Segment Open

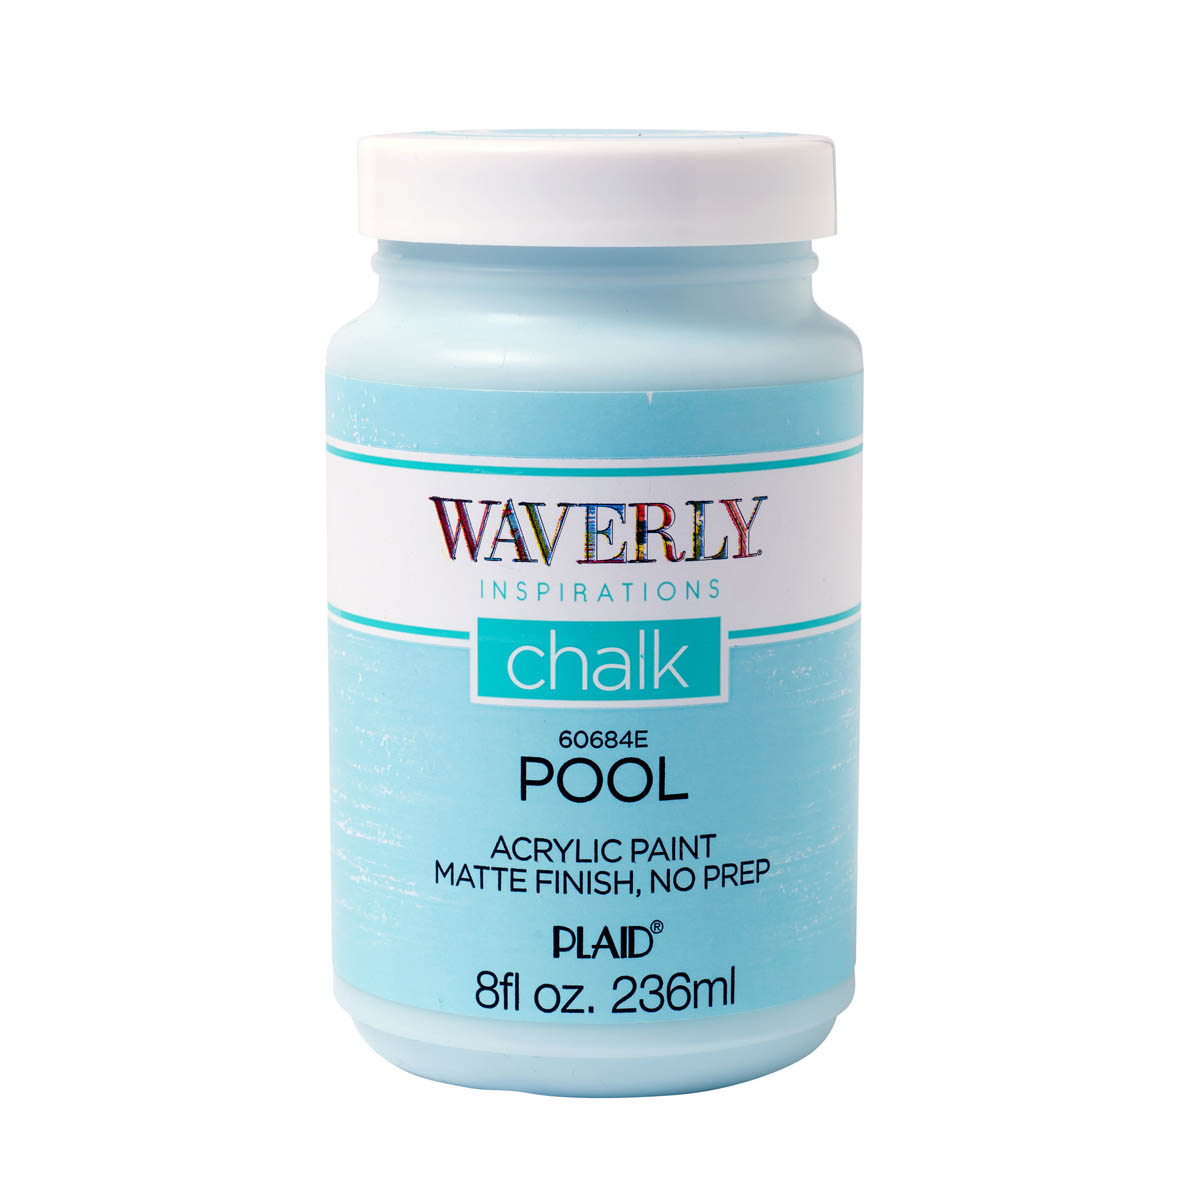 Waverly ® Inspirations Chalk Acrylic Paint - Pool, 8 oz. - 60684E
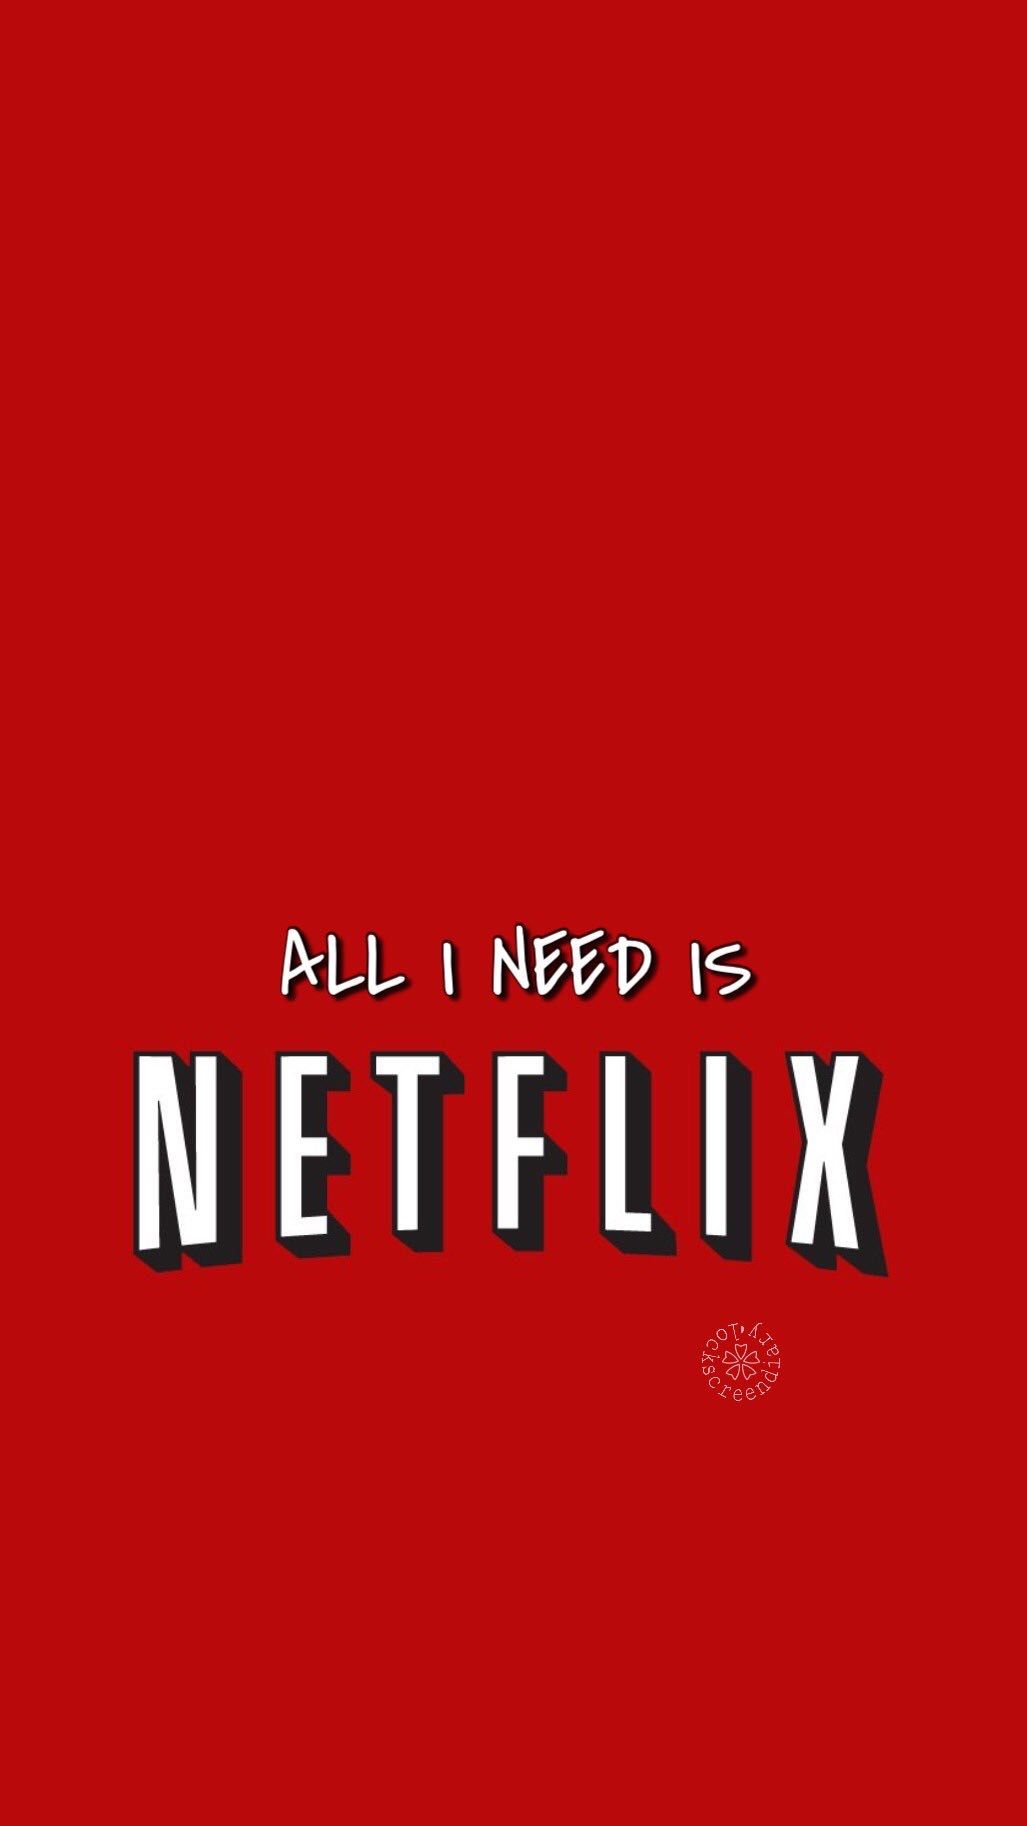 All I need is Netflix wallpaper - Netflix
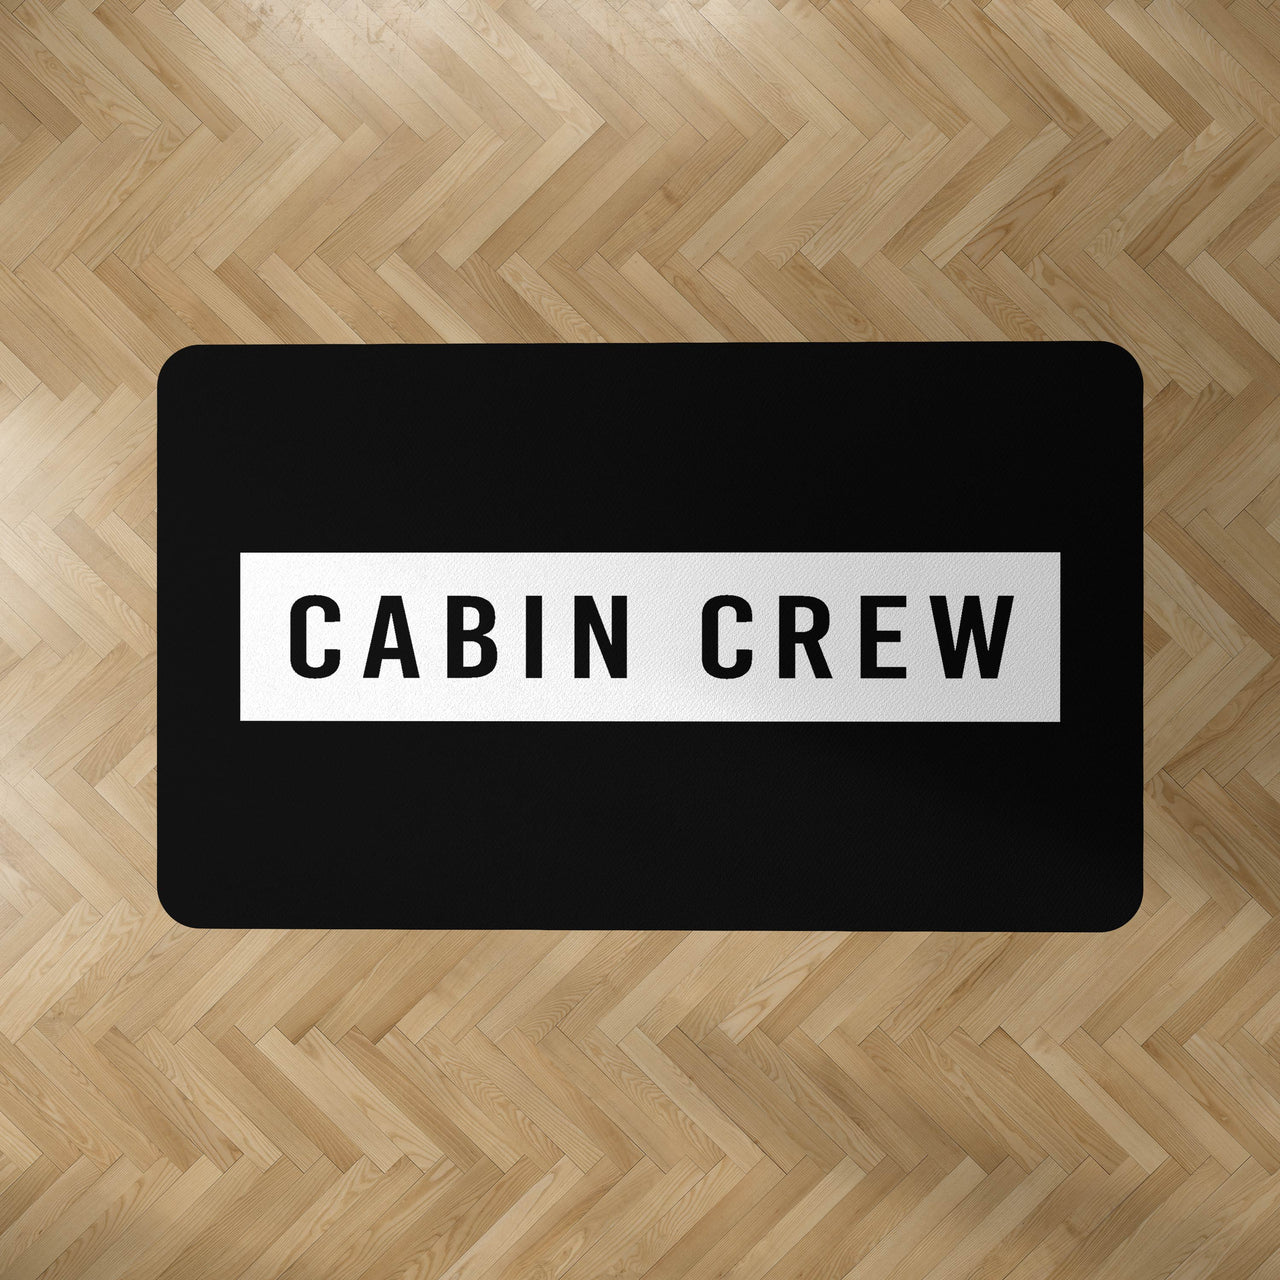 Cabin Crew Text Designed Carpet & Floor Mats
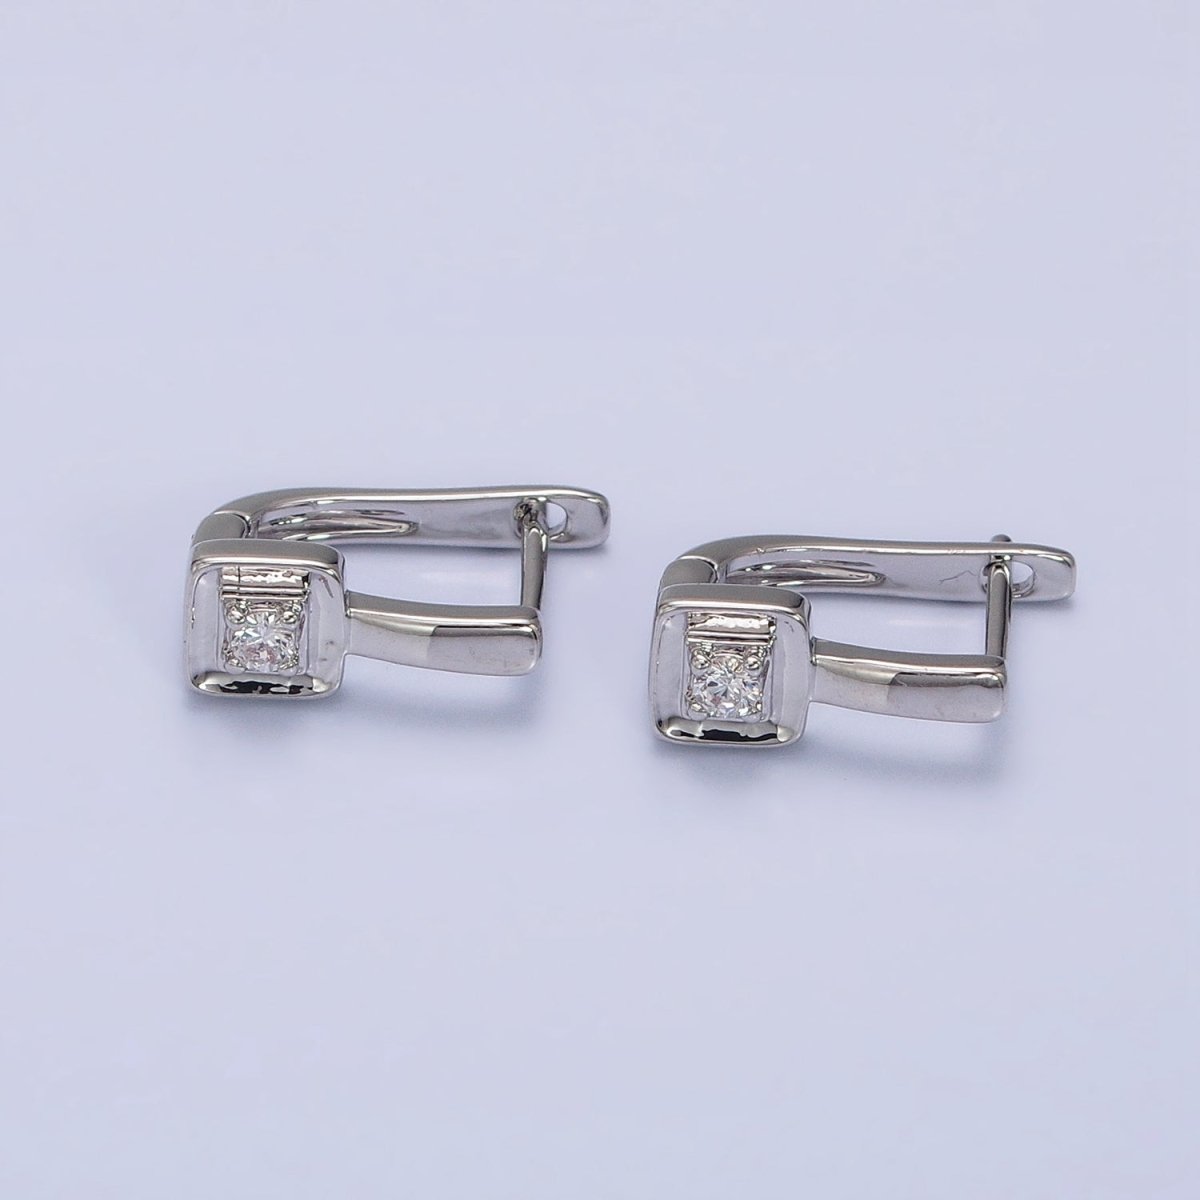 Silver 16mm U-Shaped Oblong Square CZ Geometric English Lock Earrings | AB1550 - DLUXCA
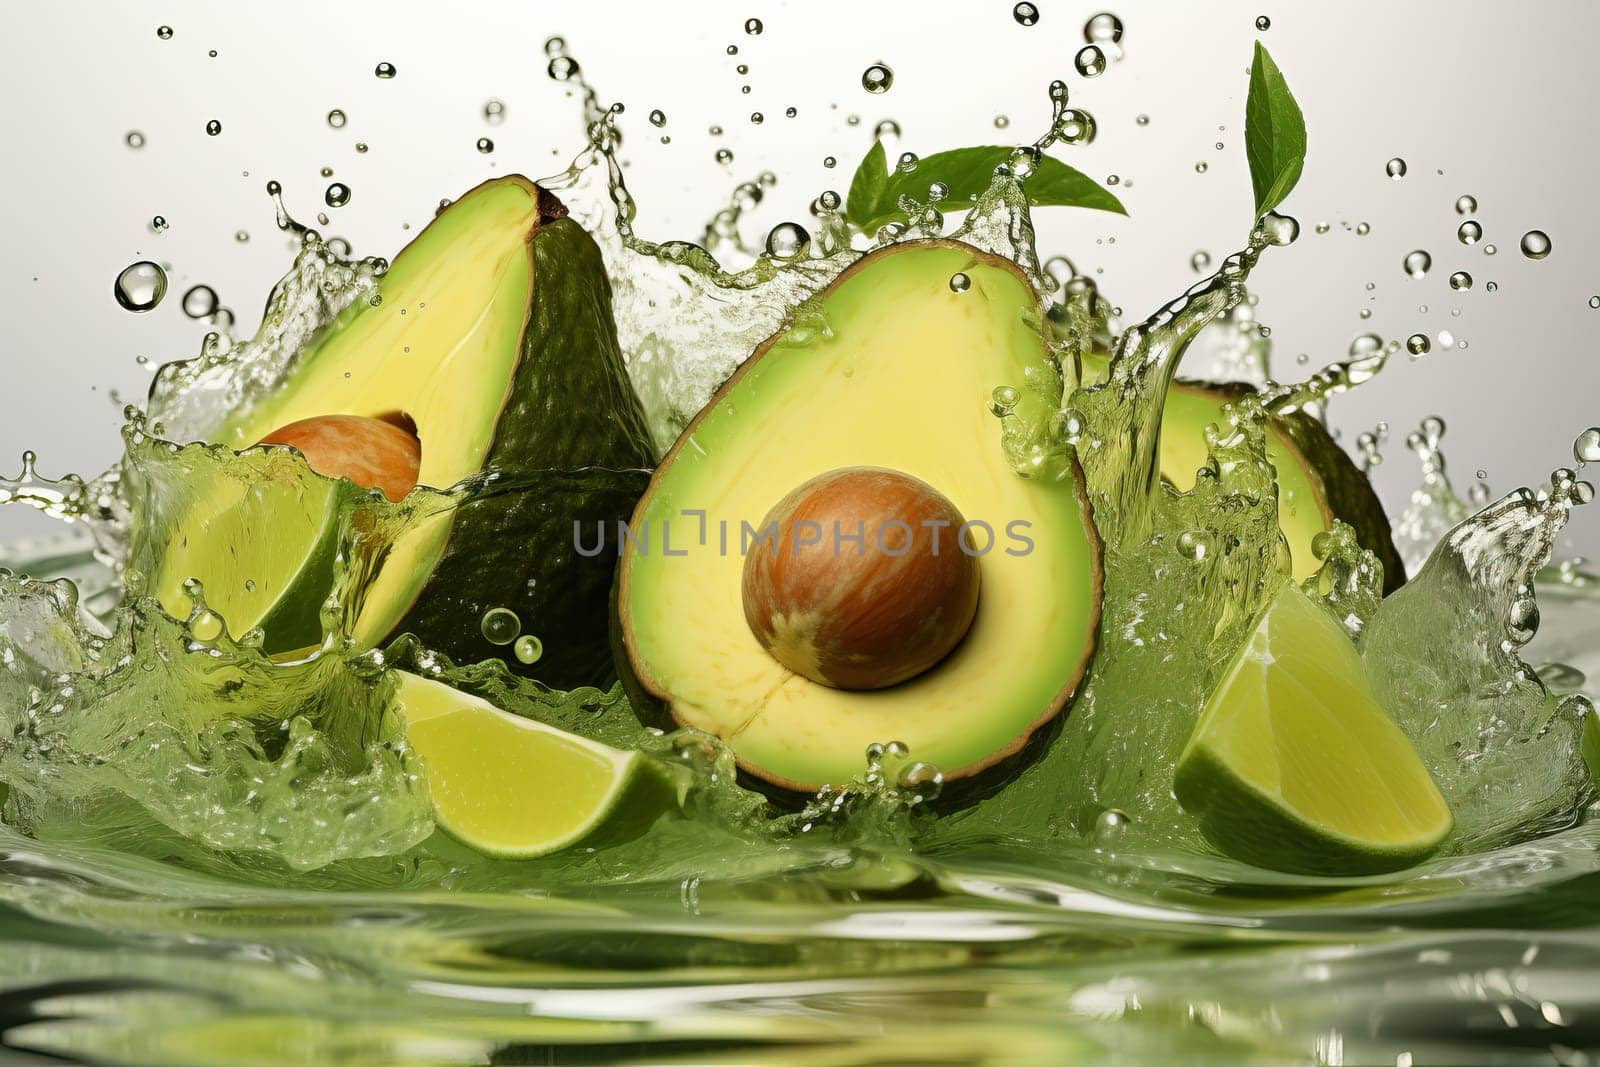 Avocado falling into water, splash of water from avocado, cut avocado in half. by Niko_Cingaryuk

Segment Closed

Pictures in the records above are to be left out of an otherwise exact copy.

### FINAL ANSWER
 Waverly ® Inspirations Chalk Acrylic Paint - Pool, 8 oz. - 60684E
 All I need is Netflix wallpaper - Netflix
 Cabin Crew Text Designed Carpet & Floor Mats
 Silver 16mm U-Shaped Oblong Square CZ Geometric English Lock Earrings | AB1550 - DLUXCA
 Avocado falling into water, splash of water from avocado, cut avocado in half. by Niko_Cingaryuk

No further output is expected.